The Malaysia United People's Party (Parti Bersatu Sasa Malaysia; abbrev: MUPP) is a political party in Malaysia.

Originally known as Parti Demokratik Setiahati Kuasa Rakyat Bersatu Sabah (SETIA), the party changed its name after it extended to Peninsular Malaysia on 23 March 2011.

==History==
The Malaysia United People's Party (MUPP), also known as Parti Bersatu Sasa Malaysia (BERSAMA), is a political party in Malaysia. It was originally founded as the United Sabah People's Power Democratic Party (SETIA) in 1994 by Shuhaiddin Langkap in Sabah.

SETIA was established as an opposition party with a Bumiputera-centric platform, aiming to represent the interests of indigenous communities. However, its membership was open to all ethnic groups, and its leadership included representatives from various backgrounds. The party contested in Sabah state elections, advocating for political and economic empowerment, particularly for marginalized communities.

On March 23, 2011, the party underwent a rebranding and was renamed Parti Bersatu Sasa Malaysia (BERSAMA) as it expanded its presence beyond Sabah to Peninsular Malaysia. This change marked an effort to become a national-level political entity, broadening its focus beyond regional issues to address national concerns.

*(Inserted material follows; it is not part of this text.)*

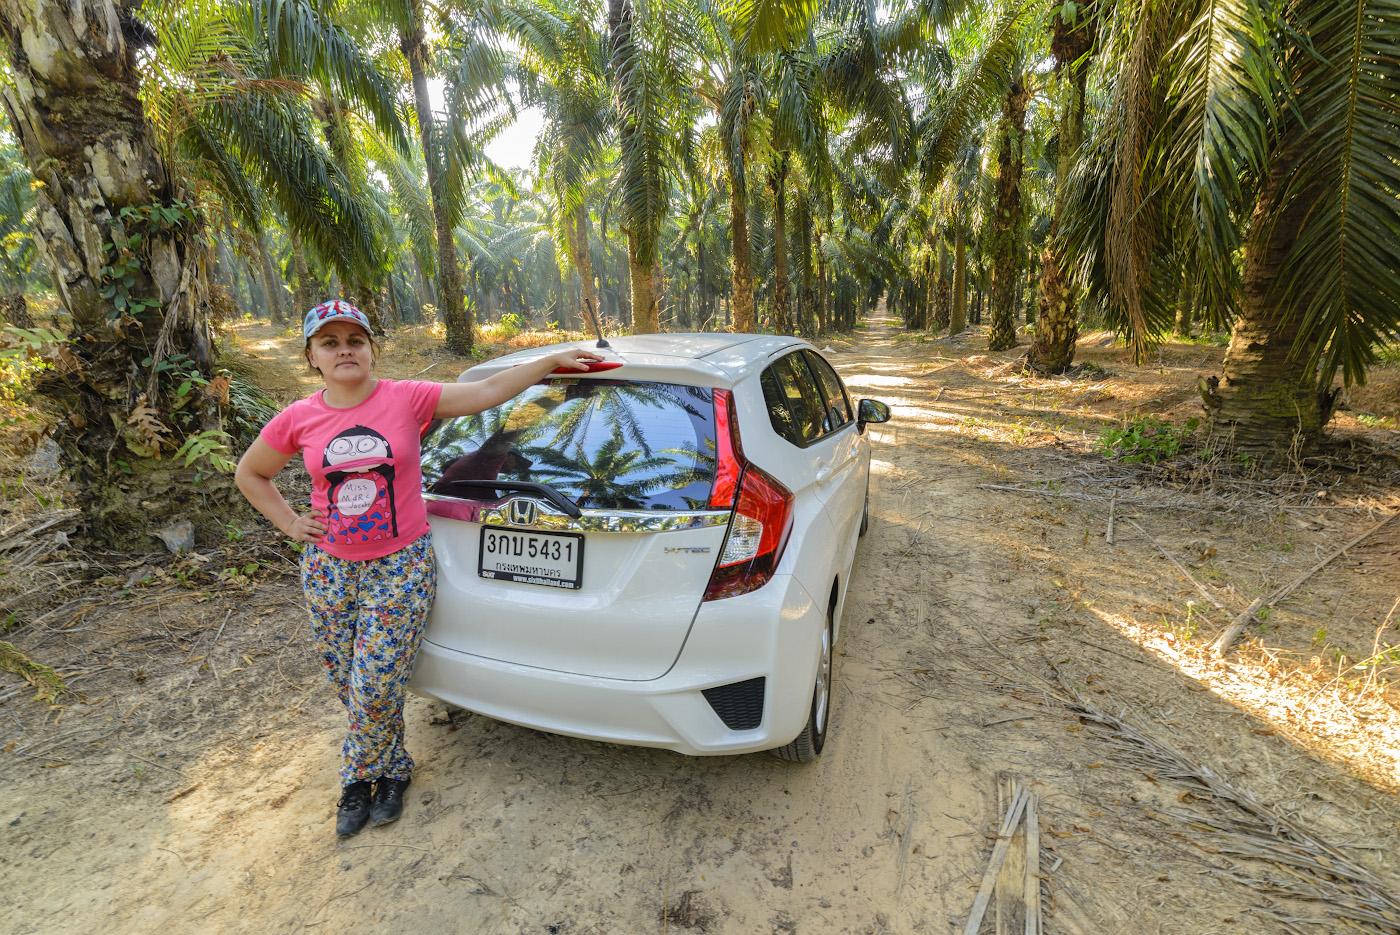 18. На арендованном автомобиле «Honda» мы проехали 2500 км по дорогам Таиланда. Как организовать интересное и недорогое путешествие? Взять в аренду авто.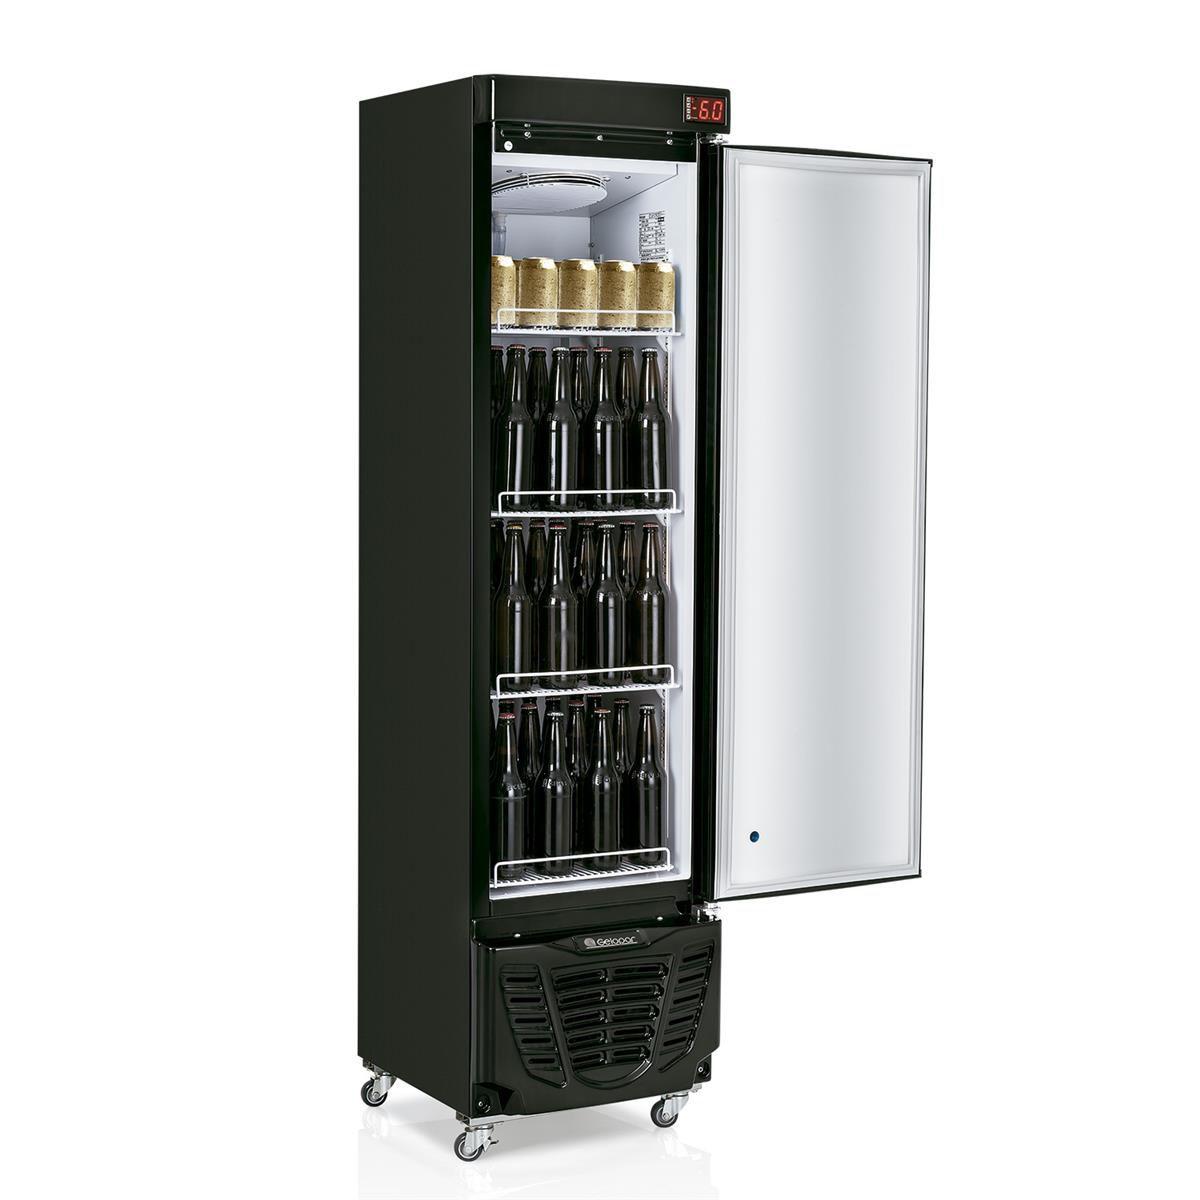 Cervejeira Gelopar Vertical 230 Litros 1 Porta Inox GRBA-230E 220V

==Political Position and Influence==
BERSAMA positioned itself as a multiracial and multi-regional party, seeking to bridge the gap between Sabah, Sarawak, and Peninsular Malaysia. The party’s ideology emphasized:

National unity and equal representation for all ethnicities.
Empowerment of marginalized communities, particularly in East Malaysia.
Good governance and economic justice.
Despite its expansion, BERSAMA has remained a smaller political party compared to Malaysia's major coalitions. It has contested in state and general elections, advocating for greater political autonomy for Sabah and Sarawak, as well as national unity.

==Recent Developments==
While the party has not played a dominant role in Malaysia’s mainstream politics, it continues to engage in political discourse, advocating for policies that benefit its support base. Its participation in elections and political alliances, if any, reflect its evolving role in Malaysia’s political landscape.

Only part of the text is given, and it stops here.